To further complicate the issue of coding, it’s near impossible to explain to the public that even though the federal government sets the coding rules, not all insurance payers have to follow them. So, while patient A has to cover the cost of a 96110 in a deductible, patient B and patient C get off the hook because their insurance providers follow Bright Future guidelines. Just this year, it took me the complete first quarter to figure out the new -25 modifier rule when vaccines are given along with an E&M visit and then it took the better part of the second and third quarters to realize which payers were following the National Correct Coding Initiative edits, which were not, and how to appeal all those erroneous claims (a significant number were lost to timely filing; I simply can’t afford the staff or the technology needed to deal with exceptions to the rules). ICD-10 will kill me.

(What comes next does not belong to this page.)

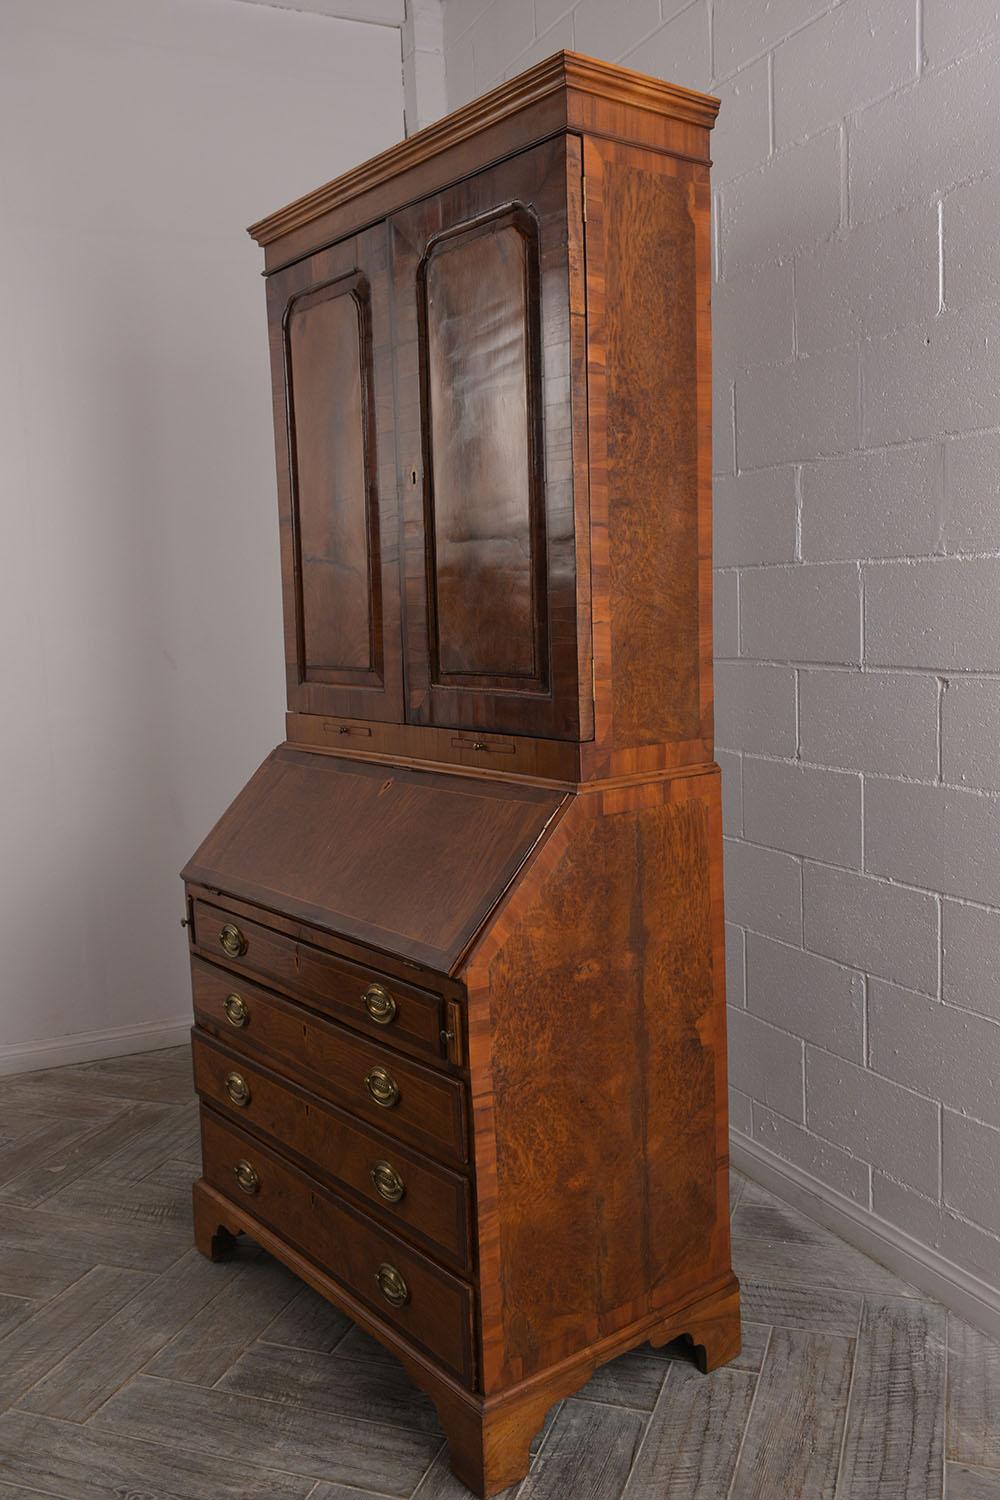 This is an English George III drop front secretaire circa the 1830s. The cabinet top features multiple open shelves small door in the middle along 3 small drawers. The drop deck door has a leather top multiple small storage spaces, drawers, and an

If you haven’t read it, I highly recommend one of my favorite articles of all time: "A Health Insurance Detective Story," that ran in the New York Times on Dec. 1, 2012. In the piece, the author is trying to decide which insurance plan to choose based on what his out-of-pocket costs will be for an expensive, but critical, medication he needs to control his blood cancer. At the time, the insurance companies were unable to tell him what his cost would be on one plan versus another because, in all their marketing wisdom, they created plans even too complicated for them to figure out. I do hope the Times runs a follow up (if they have and I missed it, please let me know). It’s been a year since that story ran and I’m dying to know if the author was ever able to get an answer. I also want to know: Is the drug he needed covered in Canada? And, if so, for all patients or just patients of a certain age group?

Who has the answer? Can I published my fees and my contracted rates or will I go down for RICO? I’m stumped and I hope someone will please enlighten me.